#### Source data
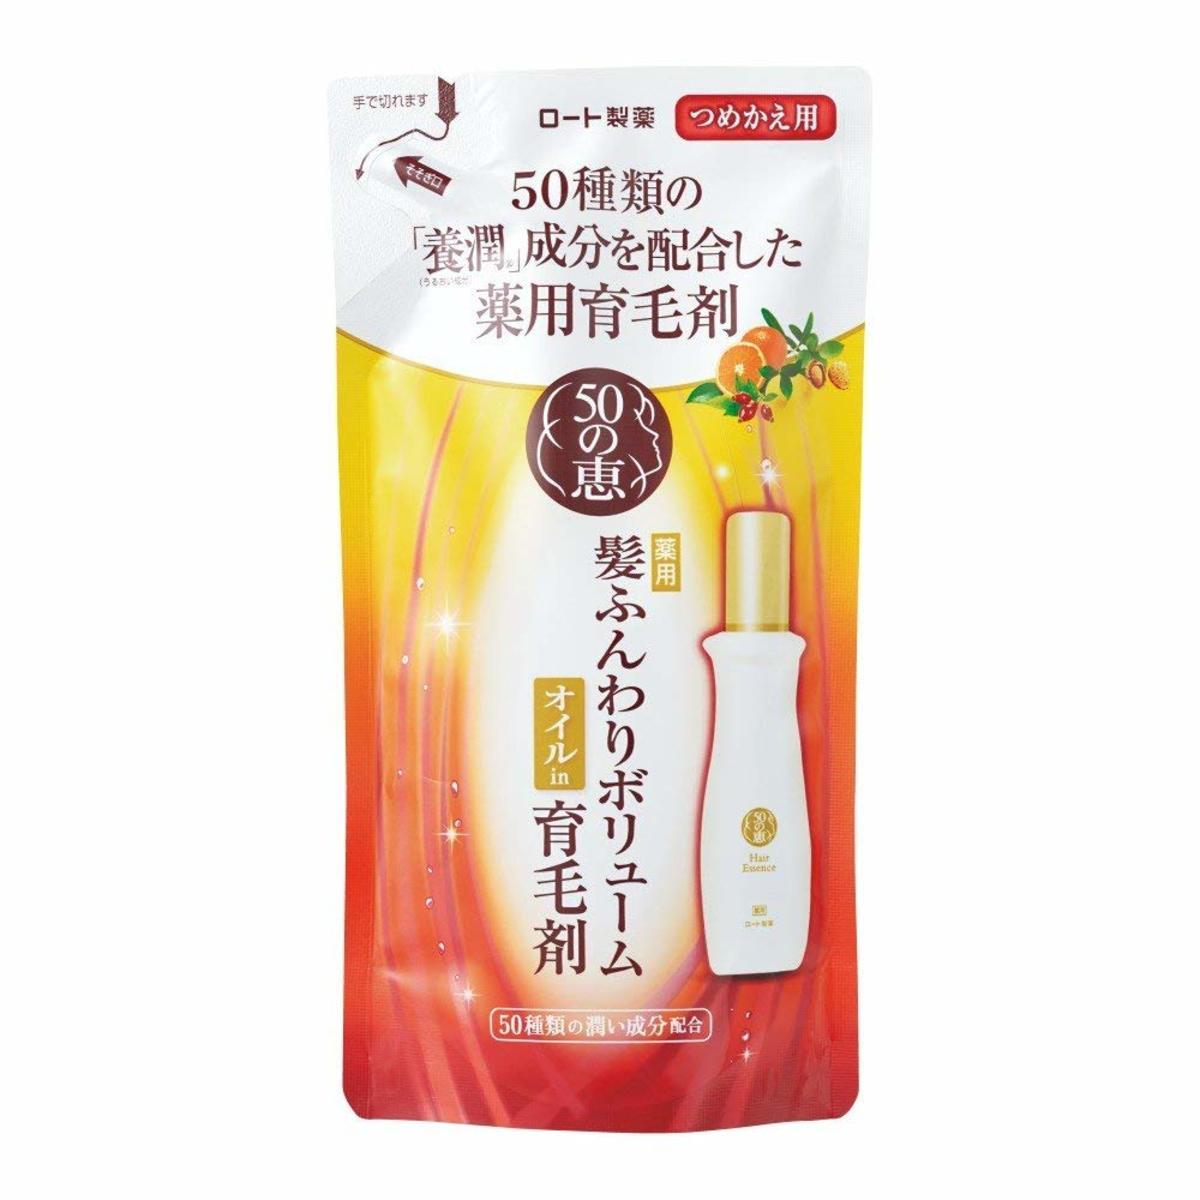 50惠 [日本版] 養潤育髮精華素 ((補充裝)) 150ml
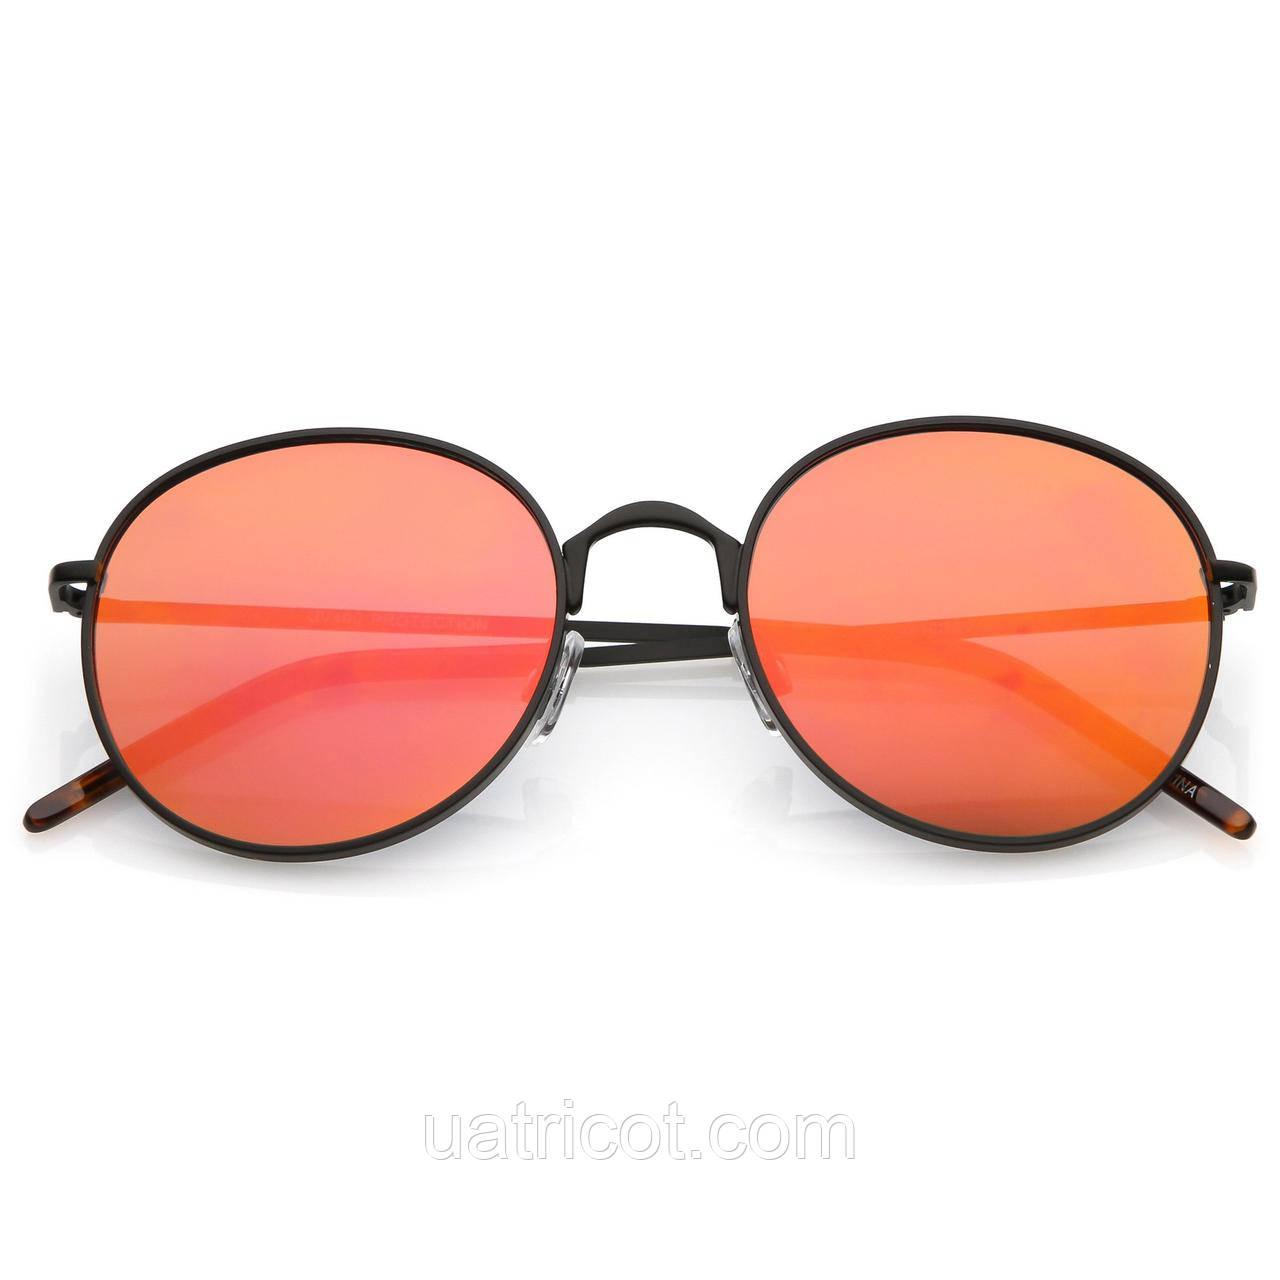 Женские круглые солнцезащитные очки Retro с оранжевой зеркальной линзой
--
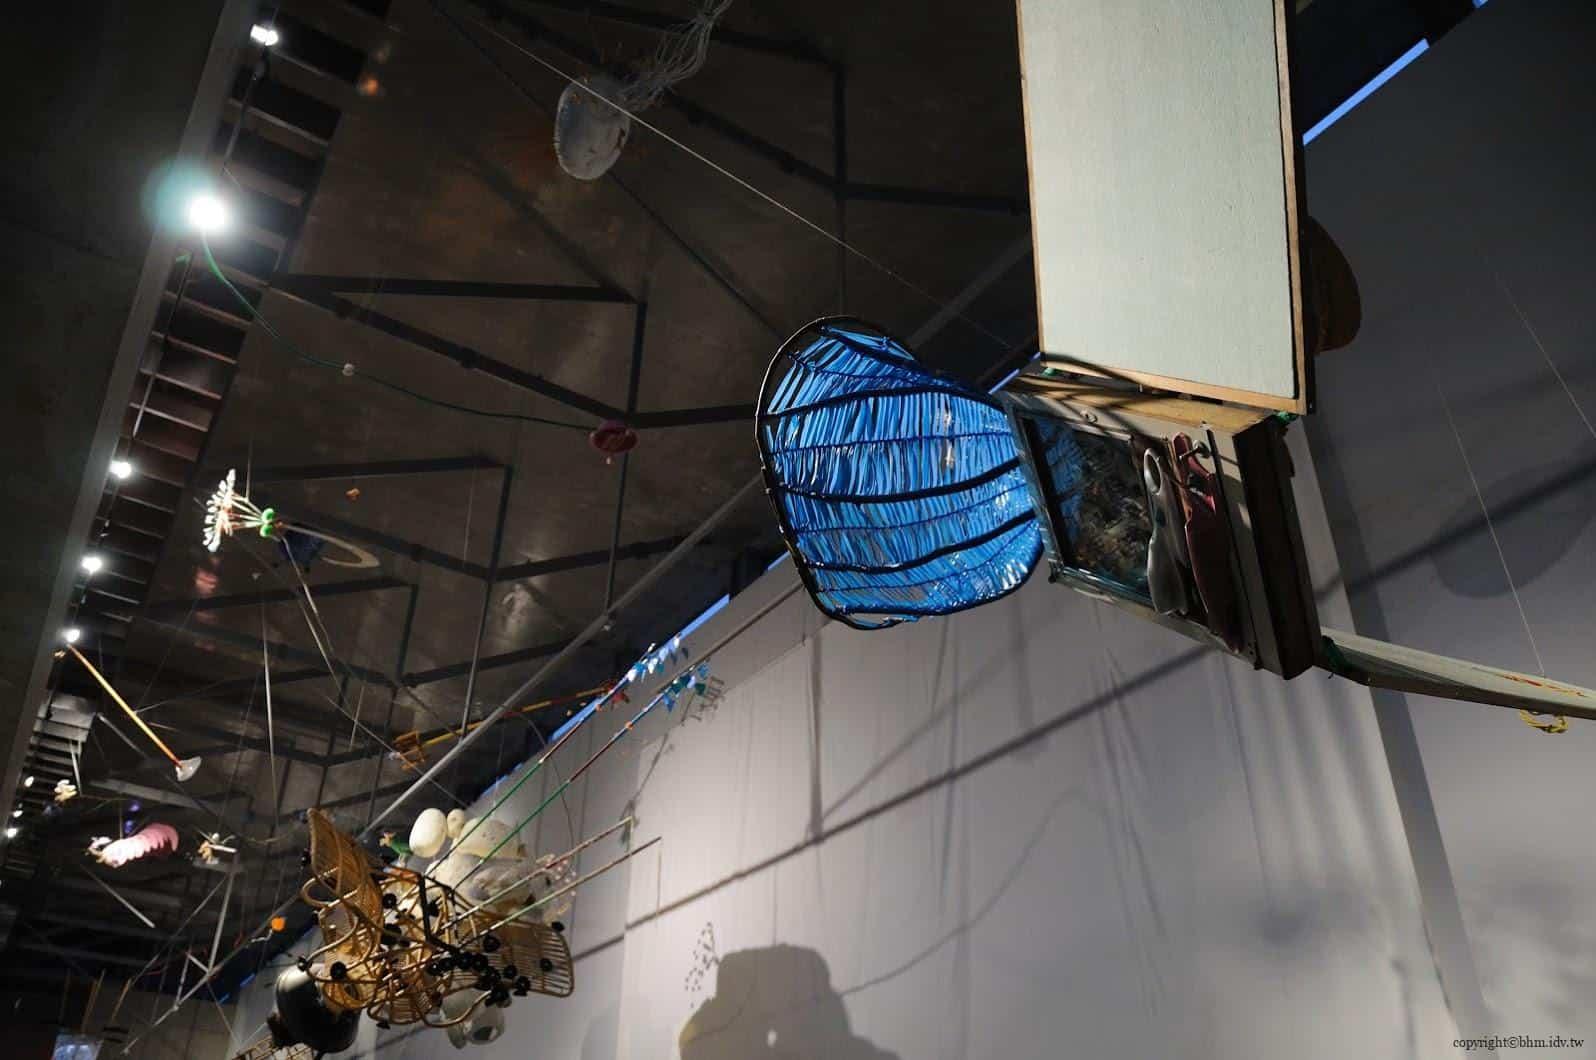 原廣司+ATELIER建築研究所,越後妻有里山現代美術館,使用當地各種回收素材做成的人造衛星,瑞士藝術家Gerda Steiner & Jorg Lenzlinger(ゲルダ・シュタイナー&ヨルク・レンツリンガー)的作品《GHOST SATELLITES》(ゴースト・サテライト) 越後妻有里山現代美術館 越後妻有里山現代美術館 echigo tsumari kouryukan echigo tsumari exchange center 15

#### Work instructions
Above are the records; copy from them only the lines starting at the one containing "50惠 [日本版] 養潤育髮精華素 ((補充裝)) 150ml" and ending at the one containing "Женские круглые солнцезащитные", exactly and without pictures.

#### Your solution
 50惠 [日本版] 養潤育髮精華素 ((補充裝)) 150ml
 Женские круглые солнцезащитные очки Retro с оранжевой зеркальной линзой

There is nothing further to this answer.